We have upgraded our rating on Celanese (CE) from Sell to Hold after the price has decreased and appropriately priced in 2012 weakness. We slashed our targets for the year as the company underperformed even our expectations. We have dropped our operating income target for the year from $705 million to $620 million for 2012, as well as slashed the rest of our estimates by 5%-10% through 2016.
Additionally, the company saw its shares increase 3 million, which has hurt equity value. We increased our price target, however, as our discount rate was decreased due to what we see as the end of cyclical weakness and diminished volatility for the company moving forward. Additionally, we saw our price target increase due to a strong decline in capital expenditures. That decline has helped increase equity value as well. The value is strong for the company now with a sub-10 P/E.
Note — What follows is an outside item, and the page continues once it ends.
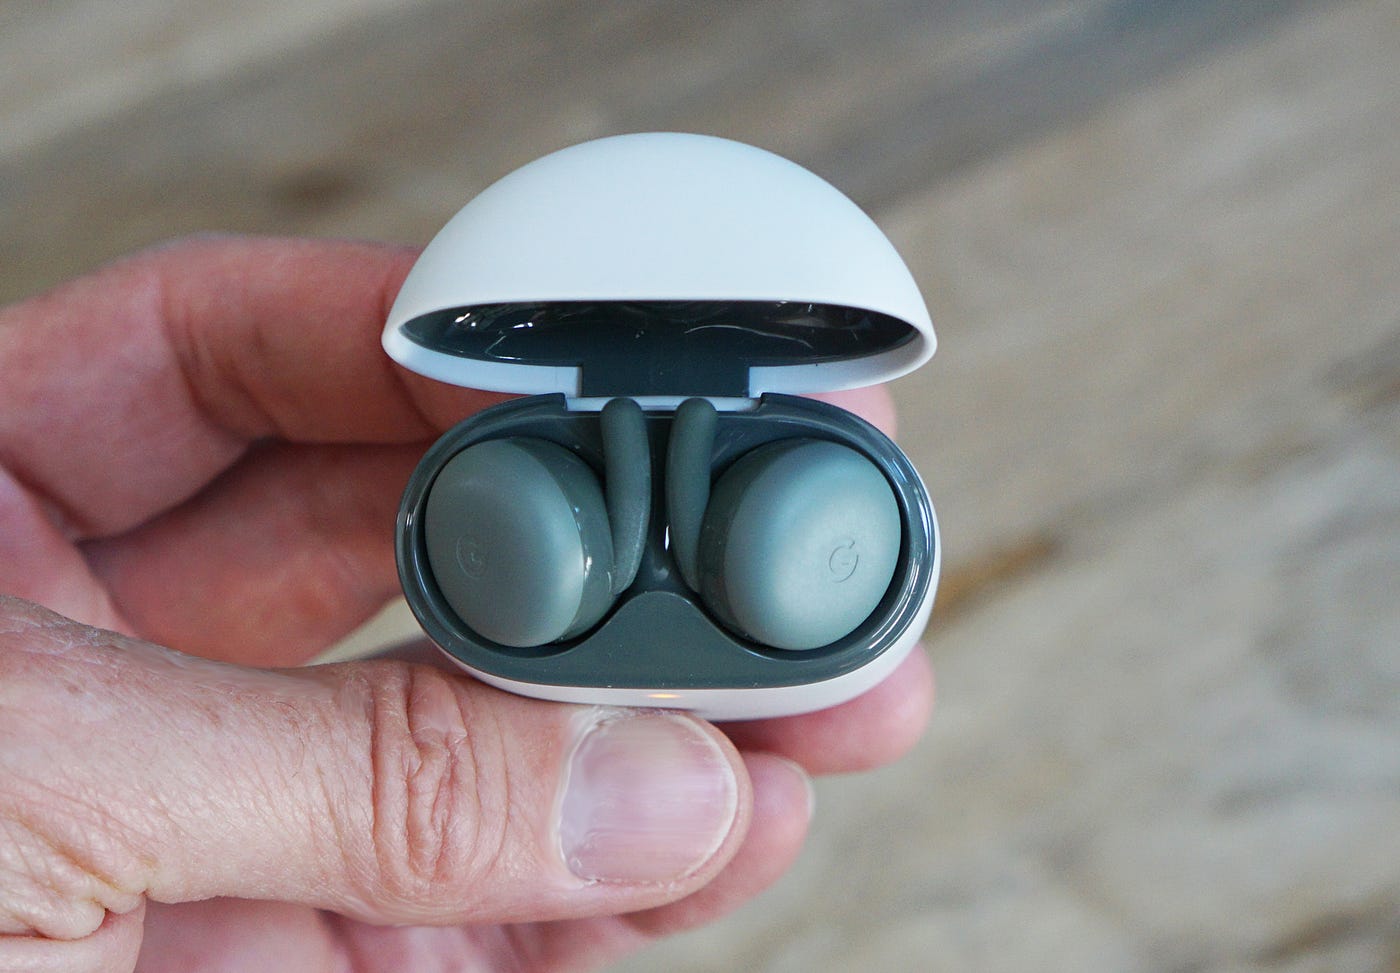 Pixel Buds A-Series review: Impressive features for $99

The company seems to believe weakness will continue for the rest of the year. At the same time, the end of a weak Asian growth phase along with European weakness for chemicals seems to be starting. Here is a direct quote from CEO and President Mark Rohr from the latest transcript:
We anticipate the ongoing challenging economic environment in Europe and the current growth rates in Asia will continue through the remainder of 2012. As a result, we expect second half adjusted earnings per share will reflect typical seasonal trends and be slightly below the first half of 2012, excluding the dividend from the company's acetate China ventures.
Margins have dropped for the company, but they seem to be at the bottom of a cycle as they are near historical lows. ROE is the lowest it was in eight years, but we see them at a cyclical bottom. The company had a 40 score in our EquityAnalytics research and ranked last among the 12 companies we cover in profitability. We believe the company still ranks very low on profitability, but the price seems to have priced in this weakness.
The company definitely has value on their side right now, and we believe that is its most attractive value. Yet, we see the value as fair right now. The company is underperforming its industry in growth and profitability. Thus, it makes sense that Celanese's P/E and future P/E should lag to a point. The company seems to be bottoming in value, but until growth picks up, look for value to remain.
The company's growth showed its first decline in revenue and operating income since 2009. Revenue has dropped 1% year over year as well as a 24% drop in operating income. The company's growth will pick up again in 2013, but we expect it to underperform.
Financial health has been improving for the company as well. The current ratio improved as well as the quick ratio. The debt-to-equity ratio has declined. The company saw its long-term debt decrease from $3.02 billion to $2.98 billion, while FCF has increased from $434 million to $600 million. The increase in FCF is very solid for investing, increasing equity value.